Based on these numbers, and following settlement of the tender offer,
MetLife will have 22,807,587 Series B Preferred Shares issued and
outstanding.
As previously announced, MetLife has delivered a notice of redemption to
the holders of the Series B Preferred Shares. Any Series B Preferred
Shares that are not purchased by MetLife in the tender offer will be
redeemed by MetLife on July 1, 2015 at a redemption price of $25.00 per
share, without any payment for accrued, unpaid and undeclared dividends
on the Series B Preferred Shares from, and including, June 15, 2015 to,
but excluding, the redemption date, pursuant to the terms of the
Certificate of Designations for the Series B Preferred Shares.

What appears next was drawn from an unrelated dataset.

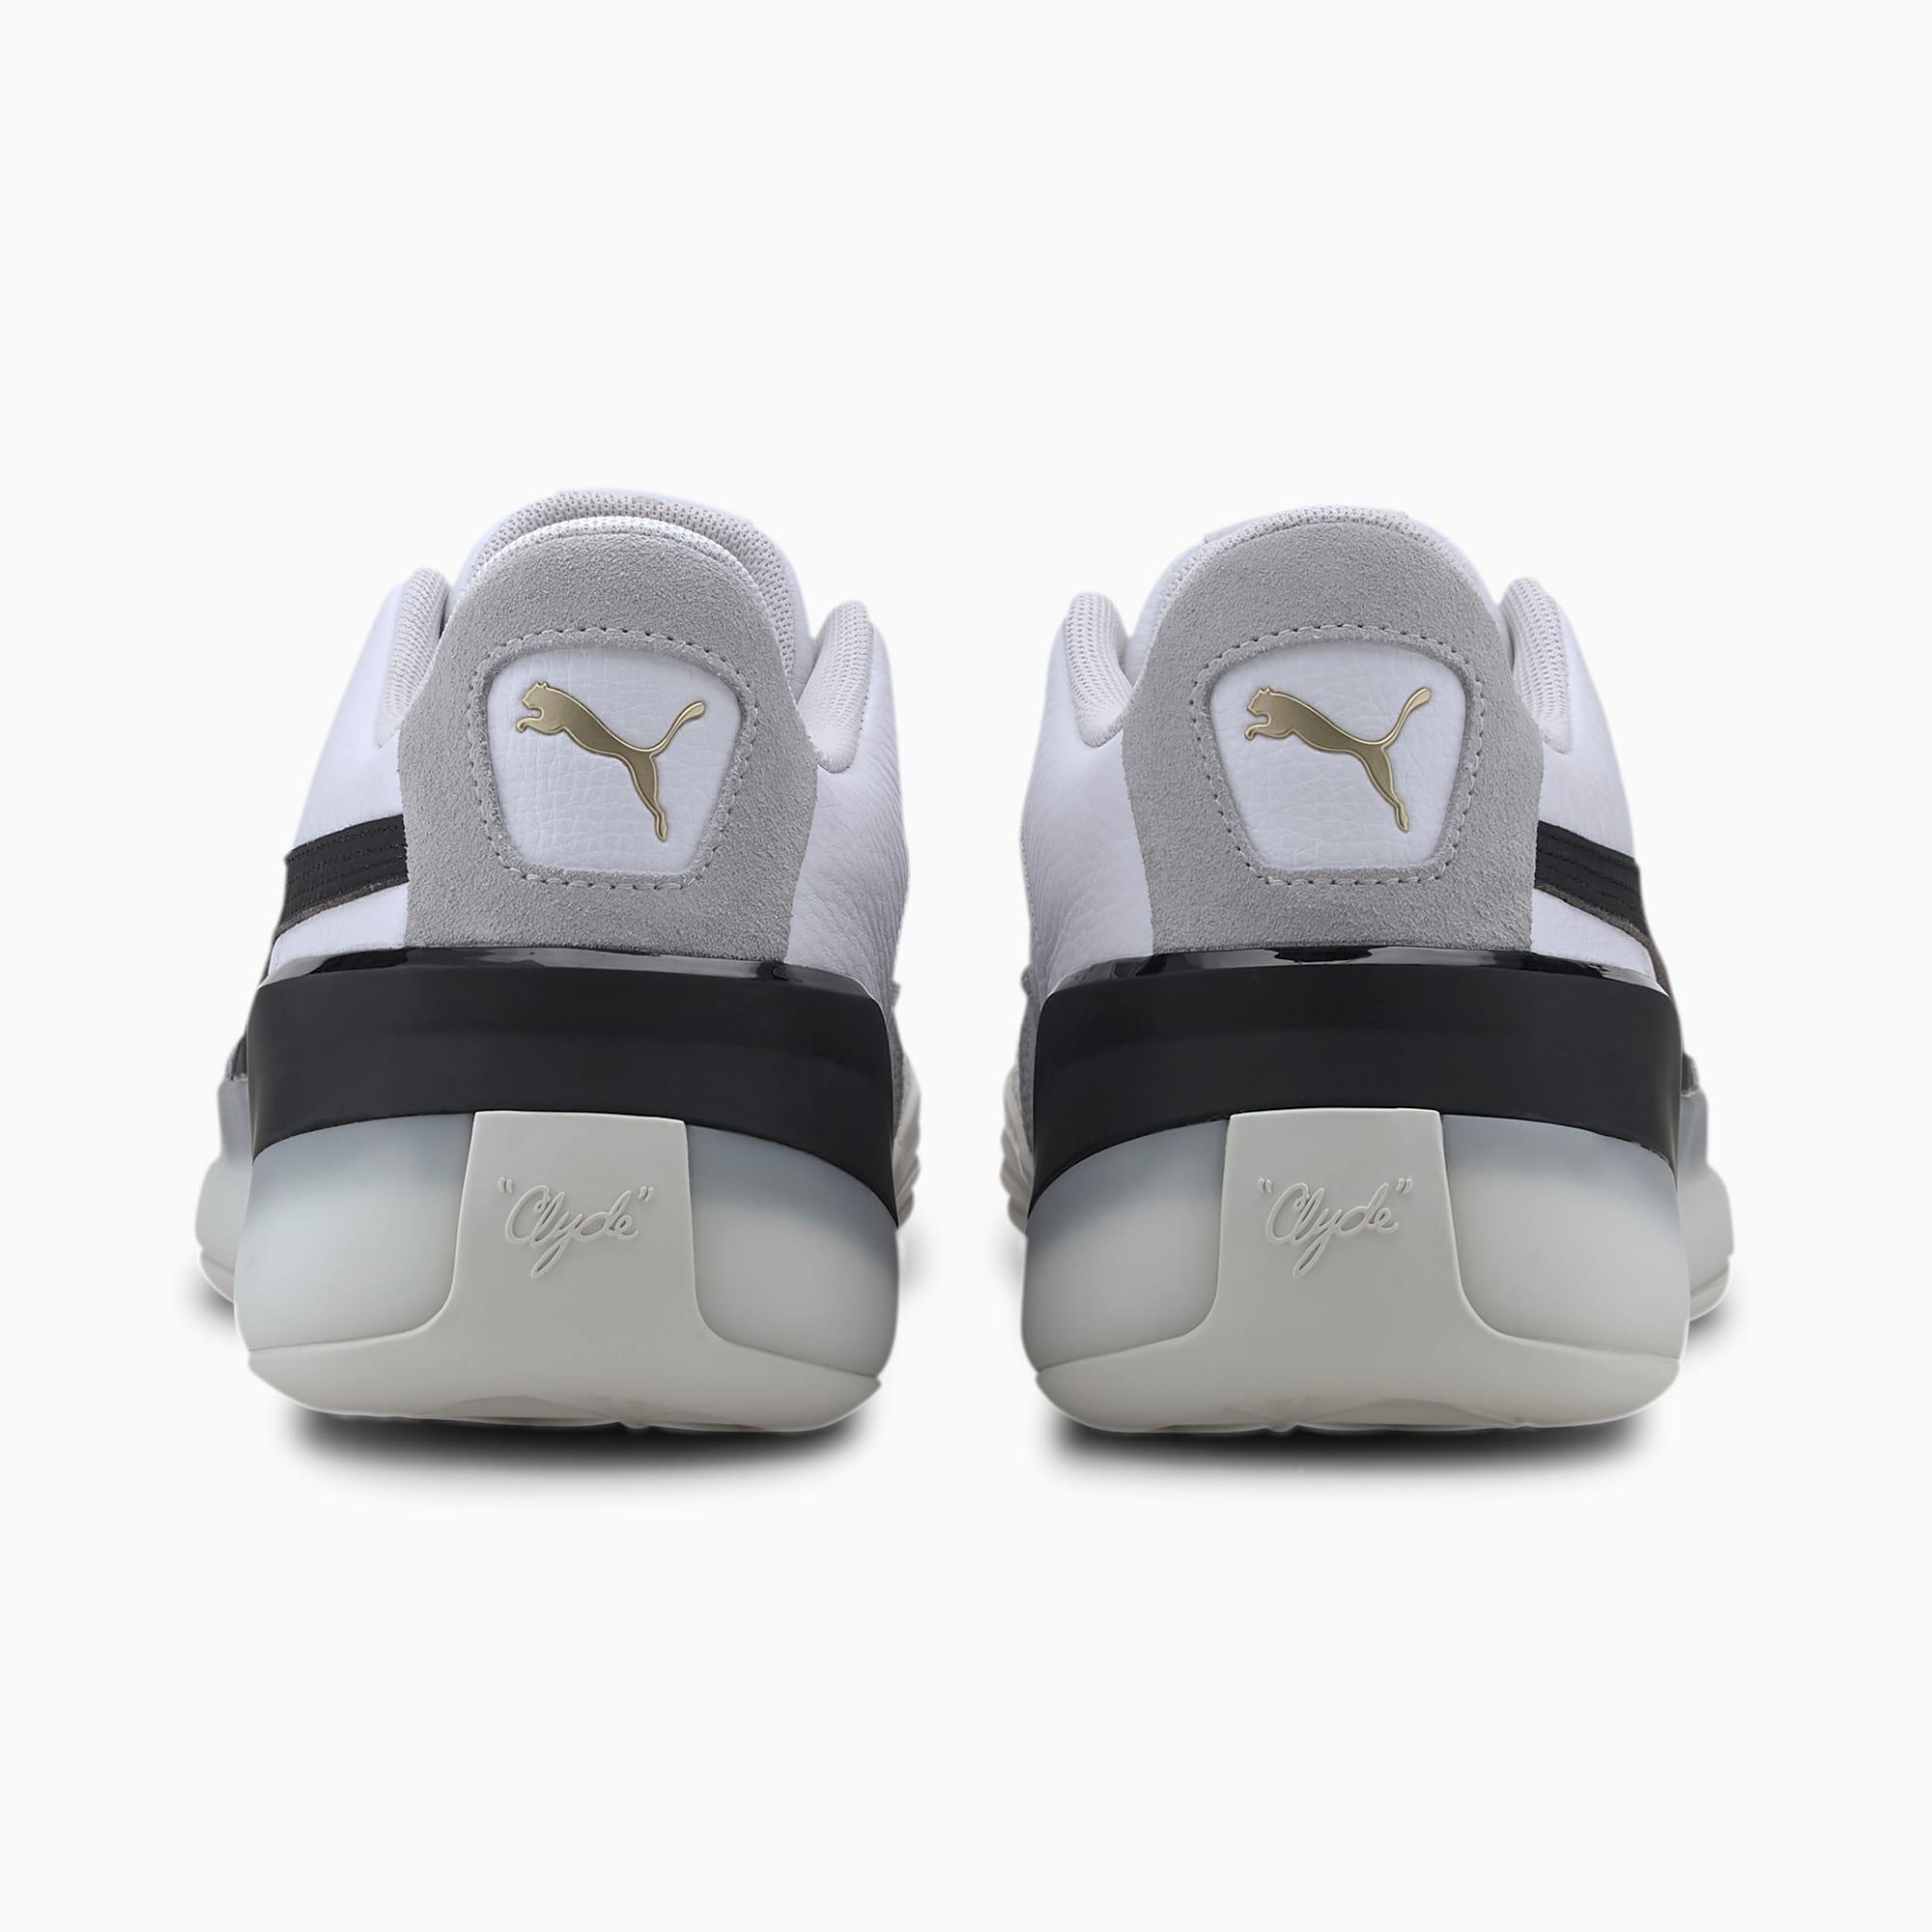 Salida hacia taburete el fin  Clyde Hardwood Basketball Shoes | PUMA US

As a
result of the redemption, the Series B Preferred Shares will be removed
from listing on the NYSE on the redemption date.
Goldman, Sachs & Co. acted as the dealer manager in the tender offer.
All inquiries about the tender offer should be directed to Goldman,
Sachs & Co. at (800) 828-3182 (toll-free) or (212) 902-6595 (collect).
Copies of the Offer to Purchase, dated June 1, 2015, as amended and
supplemented on June 12, 2015, the Letter of Transmittal, as amended and
supplemented, or any related documents regarding the tender offer may be
obtained from Global Bondholder Services Corporation, at (866) 470-3800
(toll-free) or, for banks and brokers (212) 430-3774 (collect).
THIS NEWS RELEASE IS FOR INFORMATIONAL PURPOSES ONLY AND IS NOT AN OFFER
TO BUY OR THE SOLICITATION OF AN OFFER TO SELL ANY SERIES B PREFERRED
SHARES. THE SOLICITATION OF OFFERS TO BUY SERIES B PREFERRED SHARES WERE
ONLY MADE PURSUANT TO THE OFFER TO PURCHASE AND THE LETTER OF
TRANSMITTAL, WHICH WERE DISTRIBUTED TO HOLDERS OF THE SERIES B PREFERRED
SHARES. THOSE MATERIALS CONTAIN IMPORTANT INFORMATION, INCLUDING THE
VARIOUS TERMS OF, AND CONDITIONS TO, THE TENDER OFFER. METLIFE HAS NOT
AUTHORIZED ANY PERSON TO MAKE ANY RECOMMENDATION ON ITS BEHALF AS TO
WHETHER HOLDERS SHOULD TENDER OR REFRAIN FROM TENDERING SERIES B
PREFERRED SHARES IN THE TENDER OFFER. THIS NEWS RELEASE DOES NOT
CONSTITUTE A NOTICE OF REDEMPTION OF THE SERIES B PREFERRED SHARES.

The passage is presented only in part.